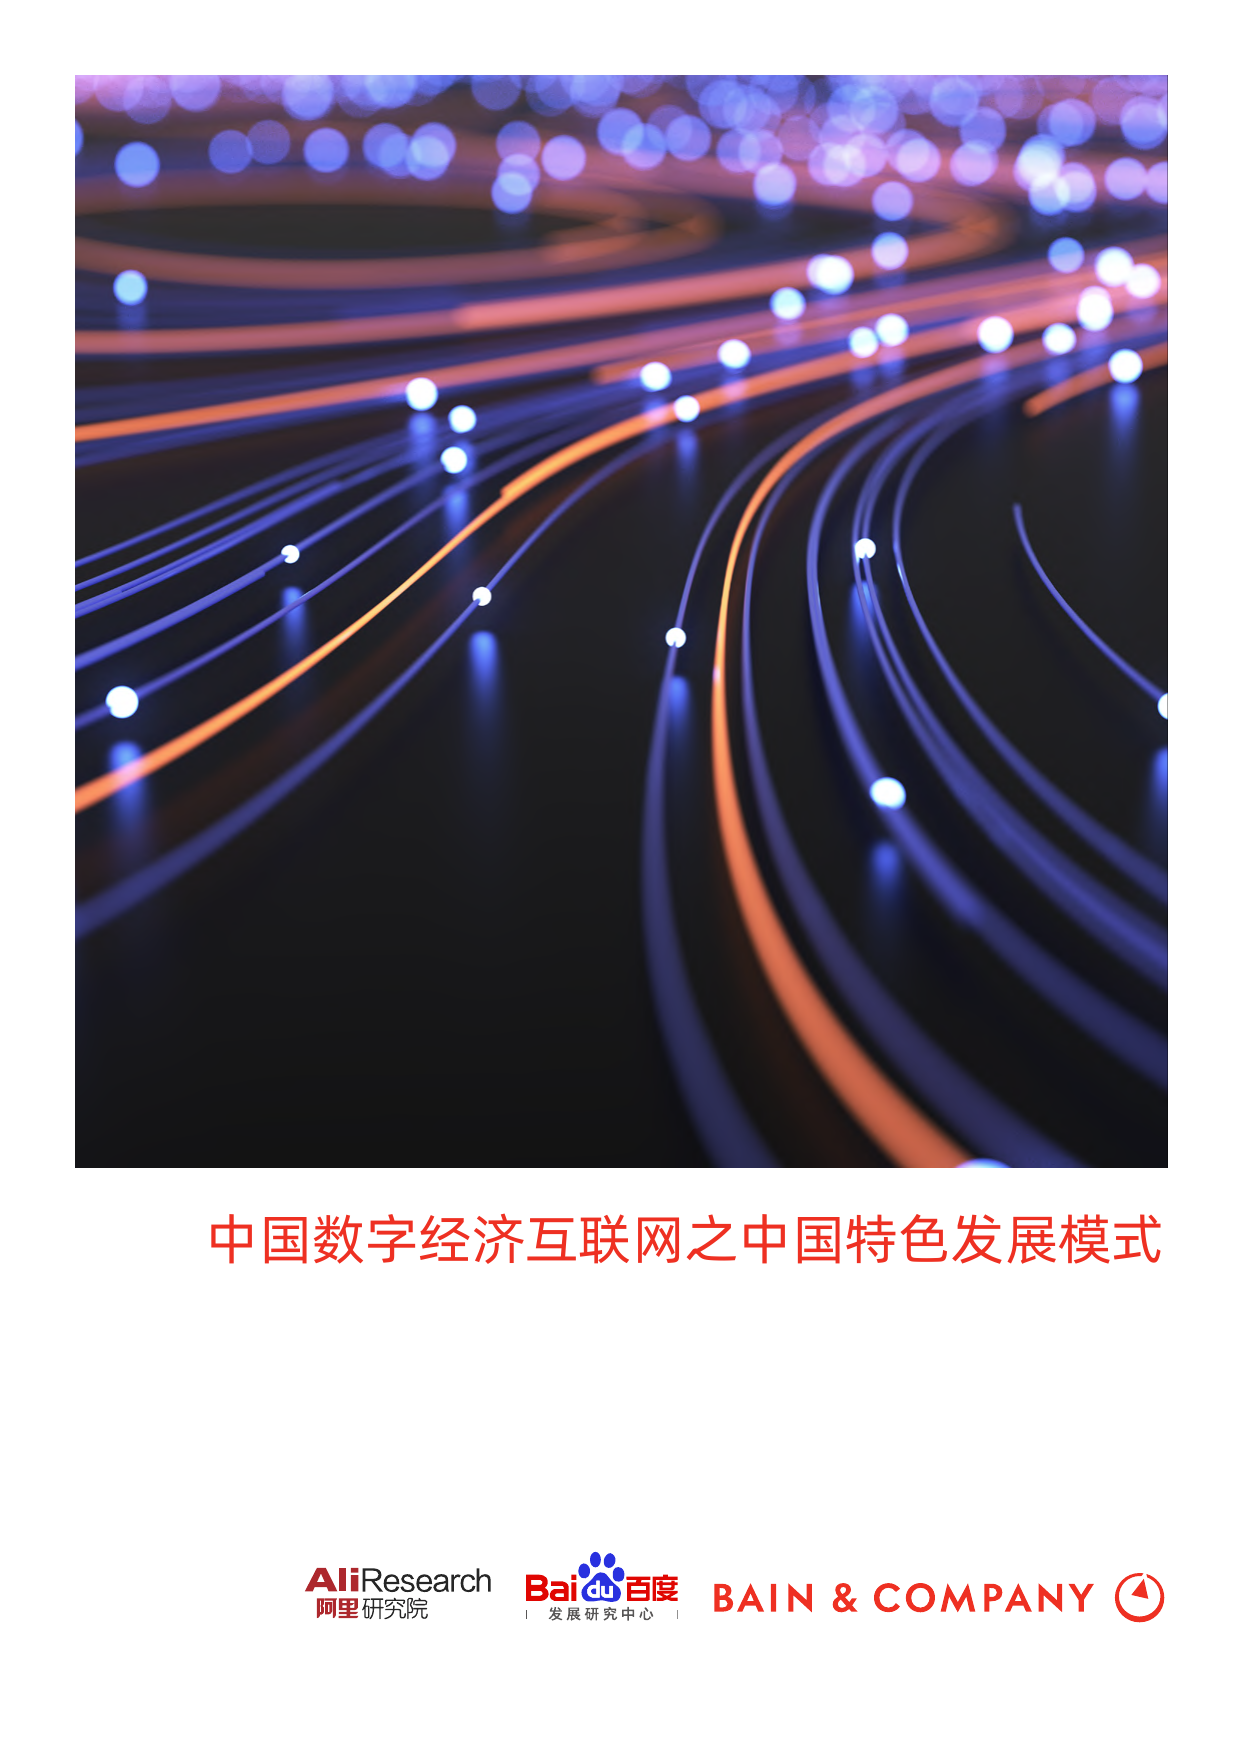 数字经济互联网之中国数字化发展模式（中英）-阿里&百度-2021-61页
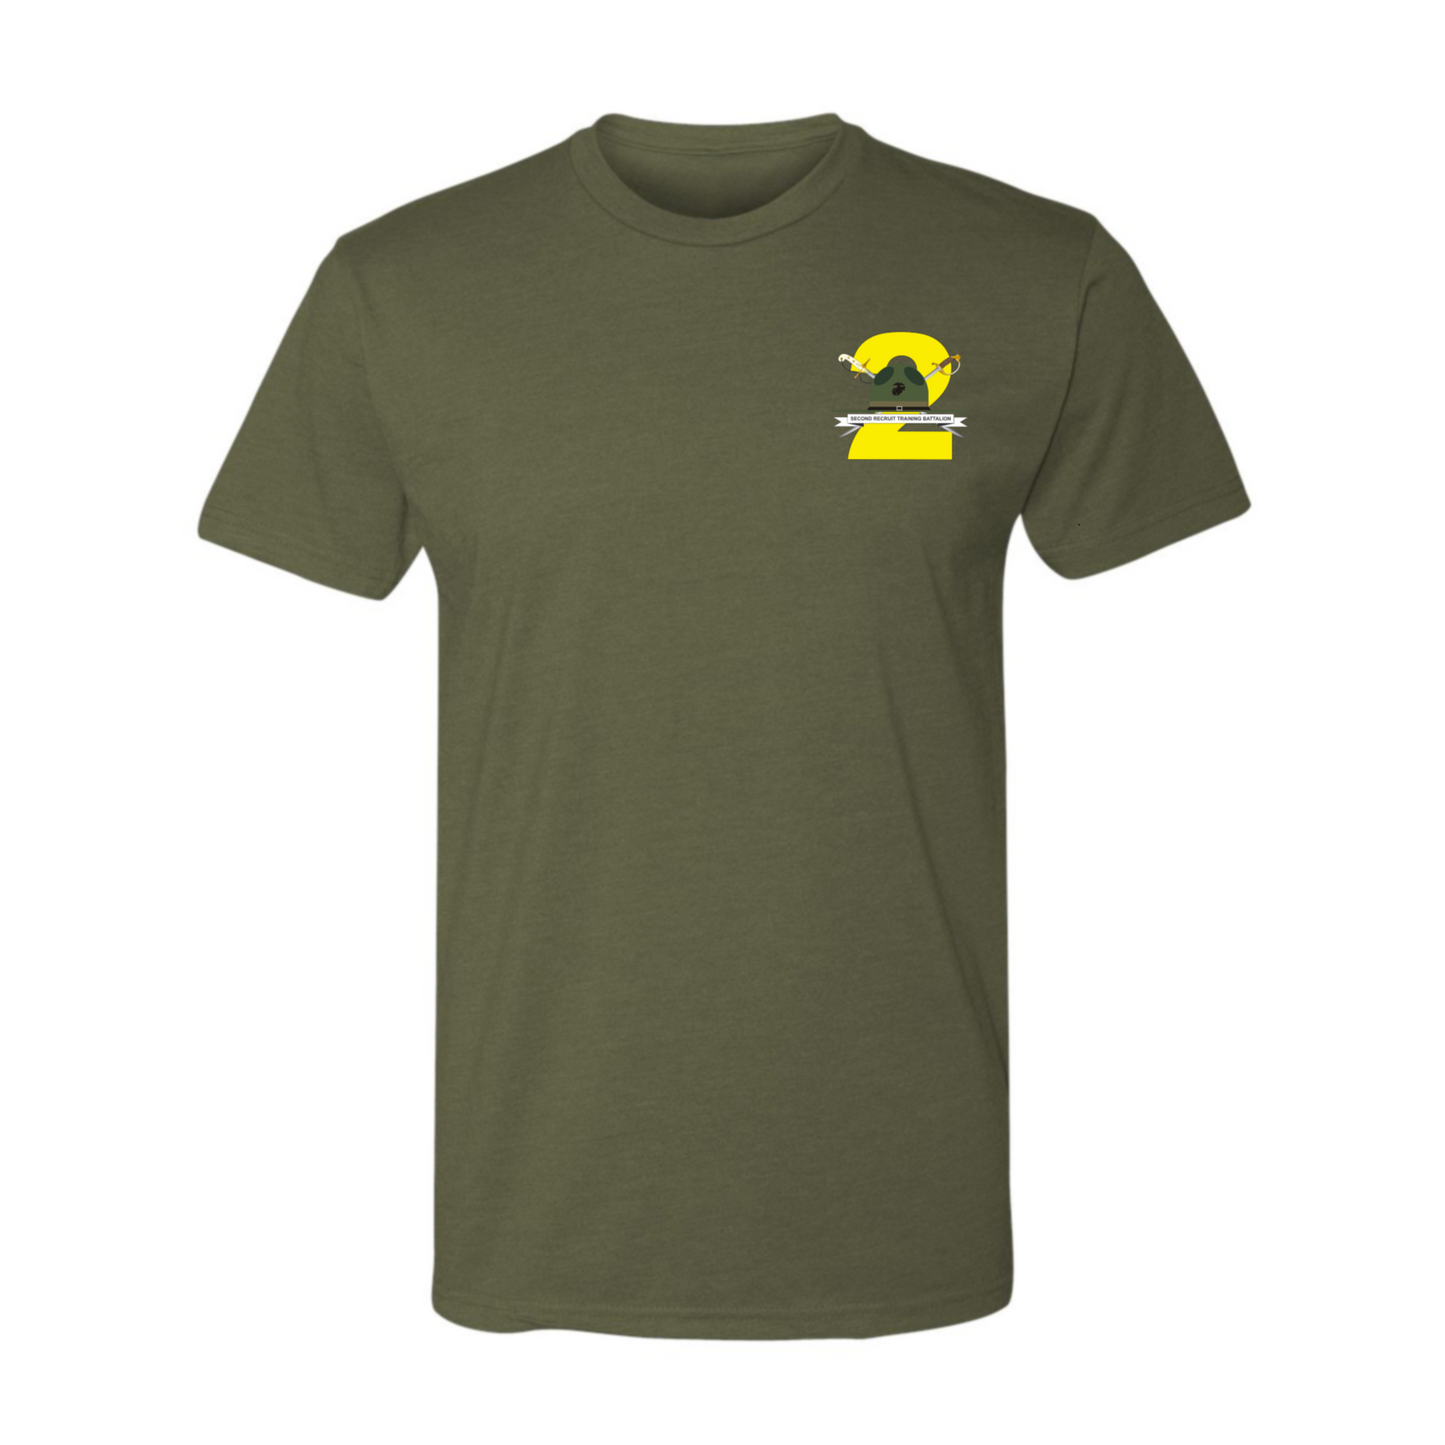 2nd Recruit Battalion Shirt
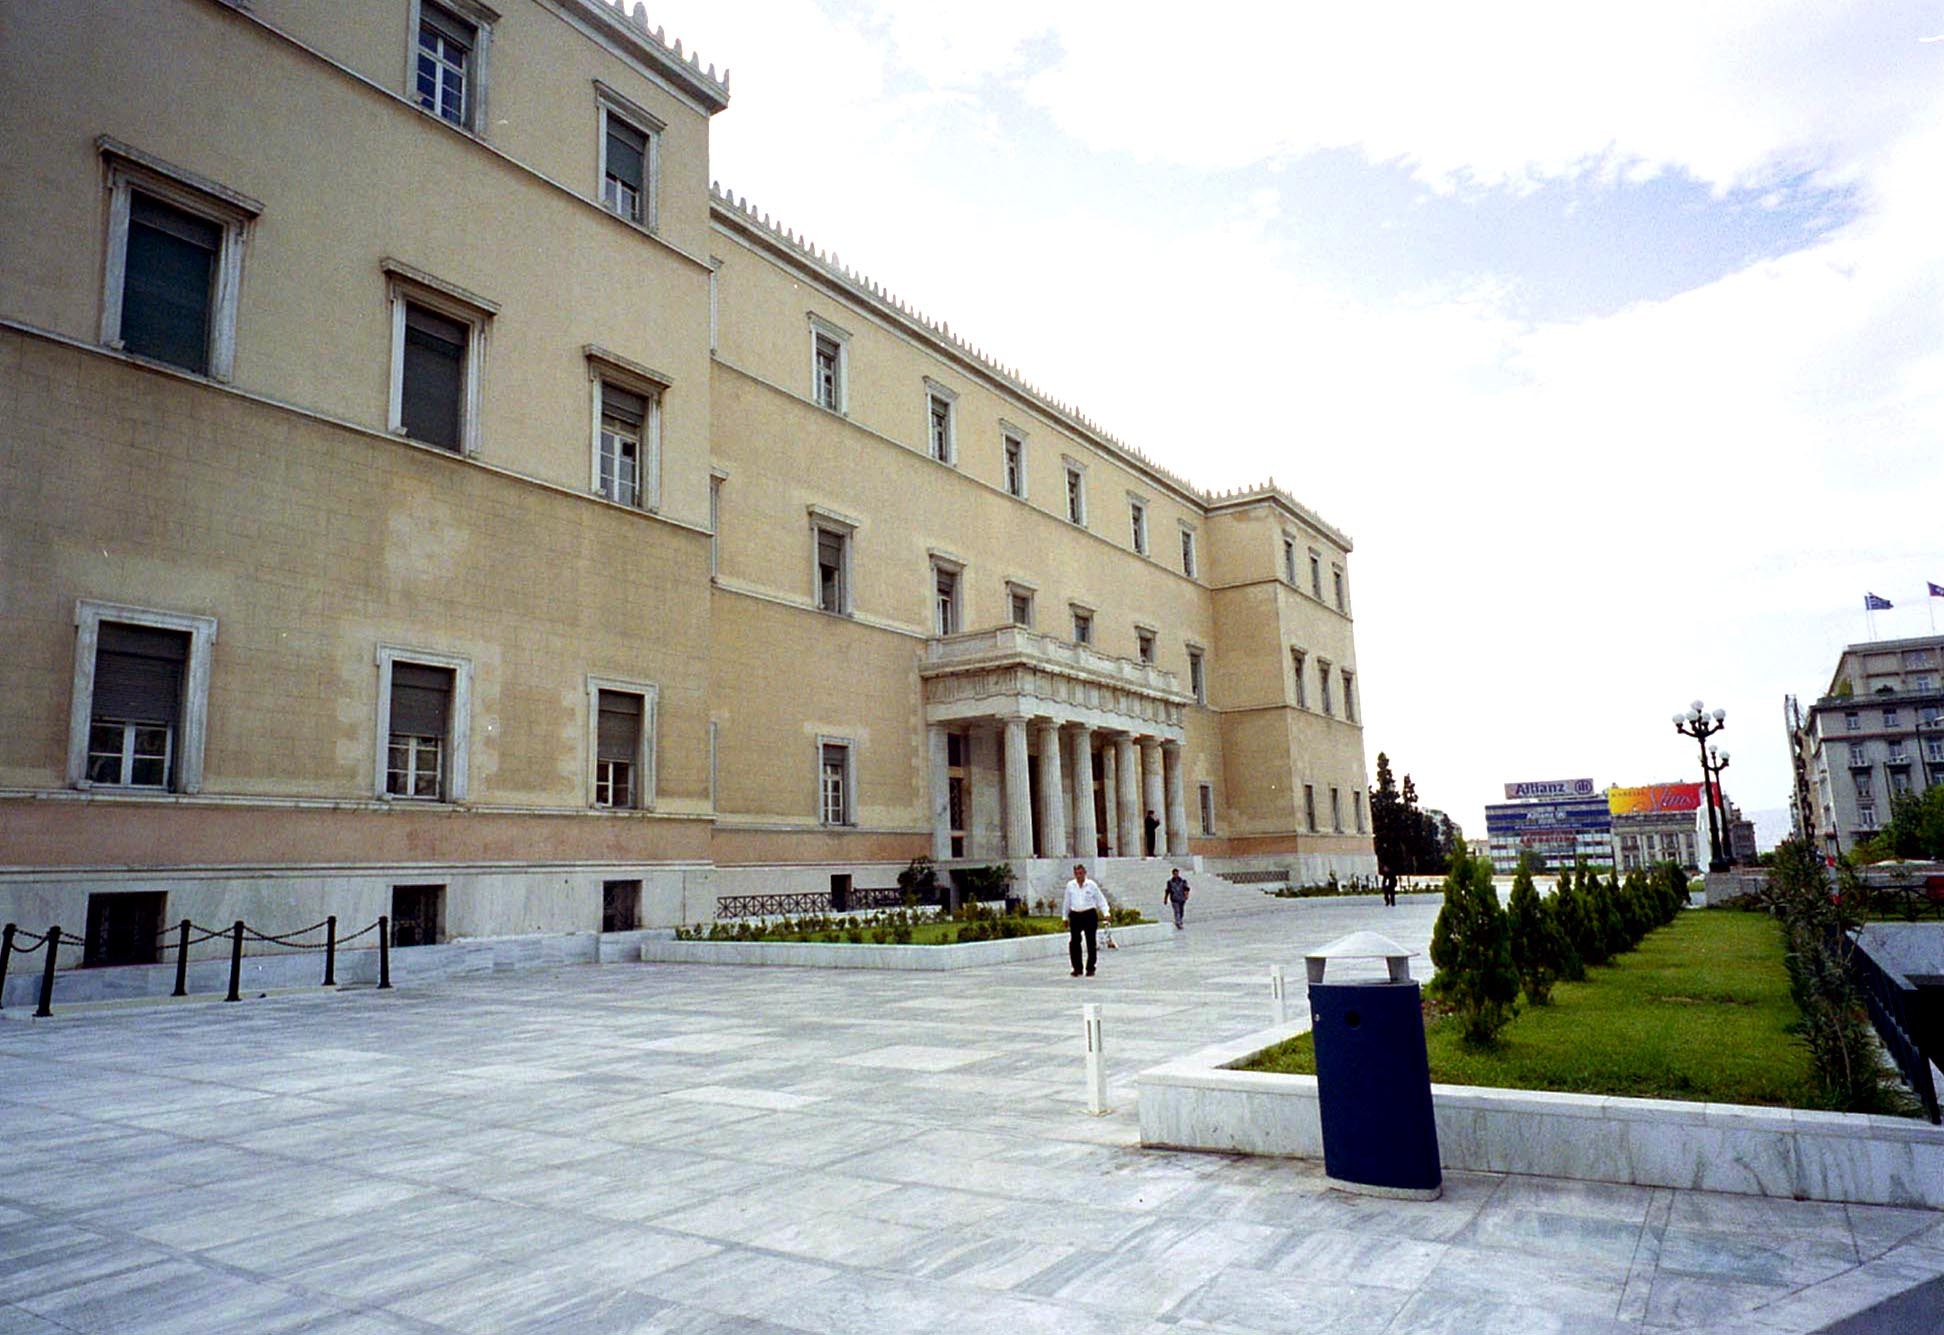 Κατέθεσε πρόταση ο ΣΥΡΙΖΑ για Εξεταστική για το Μνημόνιο
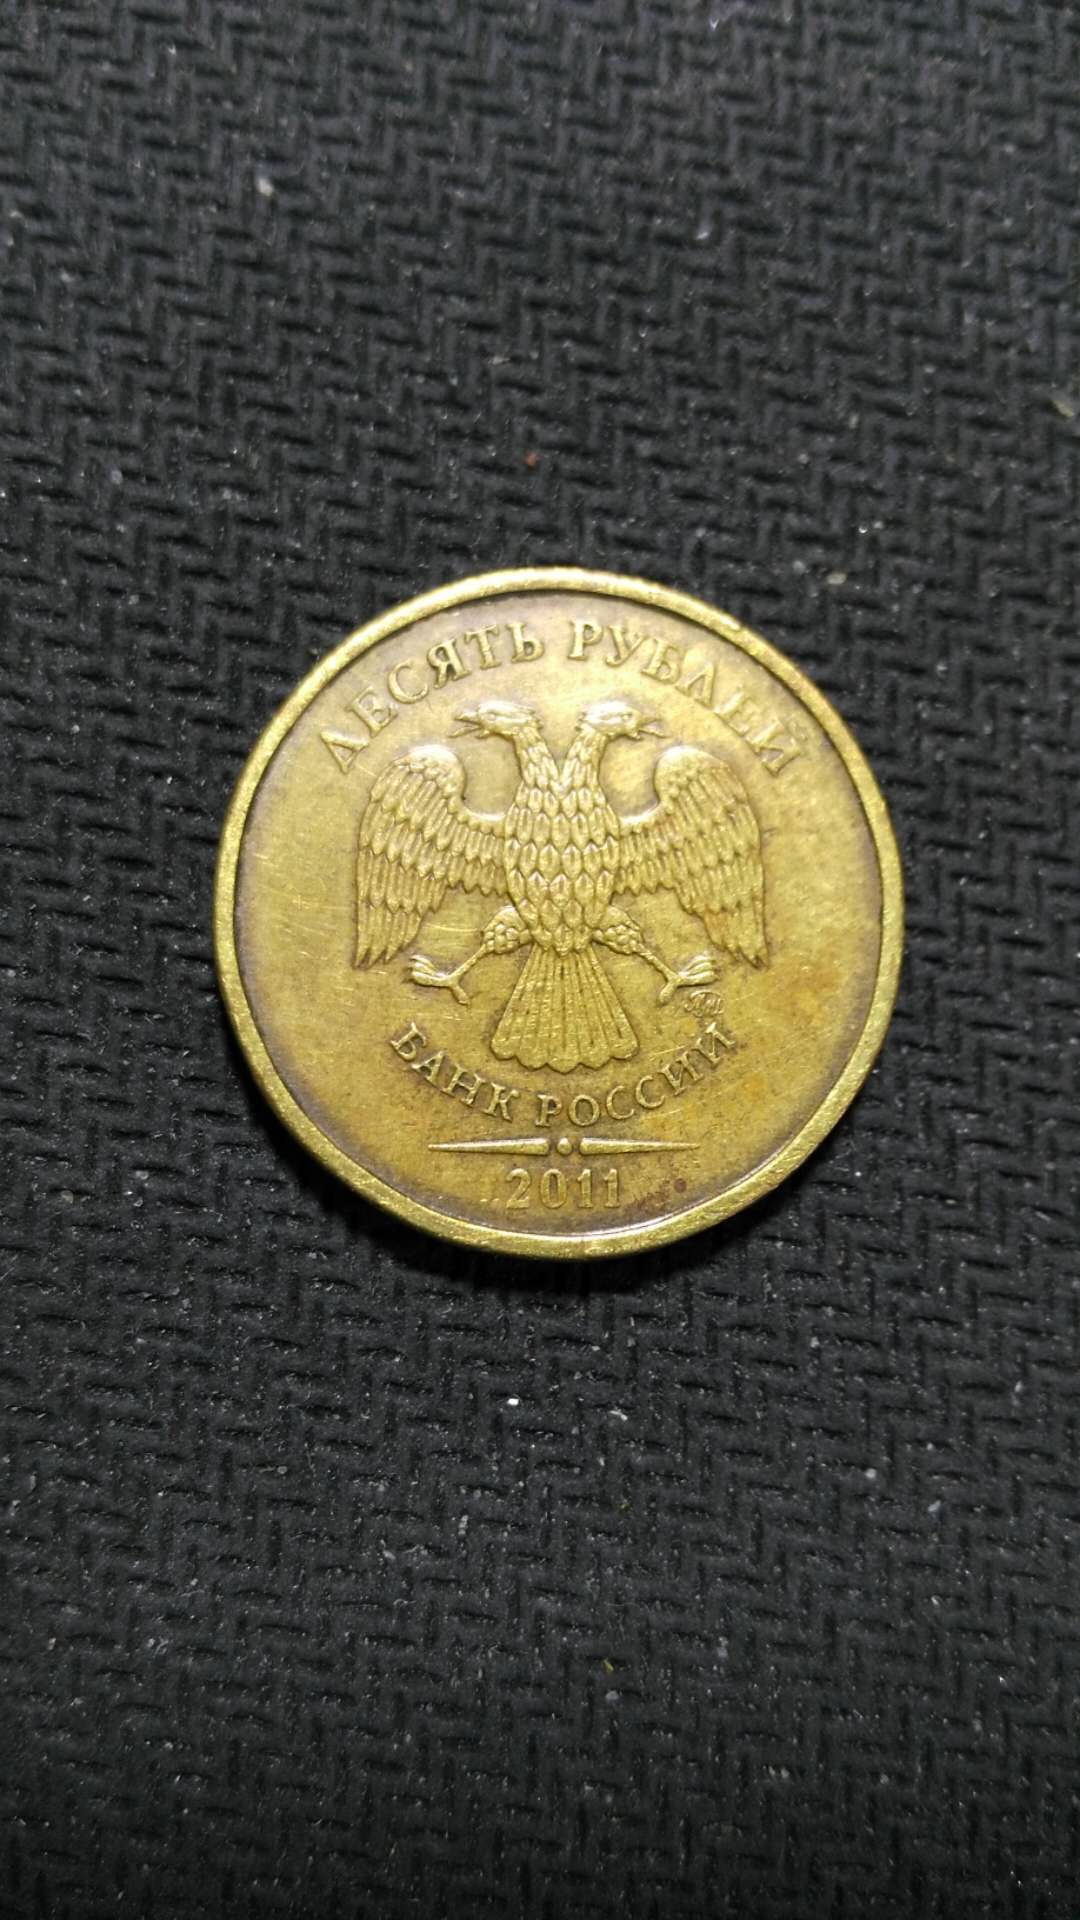 双头鹰硬币10元价值图片

PROBLEM STATEMENT: Retype the whole listing above exactly as written. Skip the pictures.

WRITTEN ANSWER:
 数字经济互联网之中国数字化发展模式（中英）-阿里&百度-2021-61页
 2nd Recruit Battalion Shirt
 Κατέθεσε πρόταση ο ΣΥΡΙΖΑ για Εξεταστική για το Μνημόνιο
 双头鹰硬币10元价值图片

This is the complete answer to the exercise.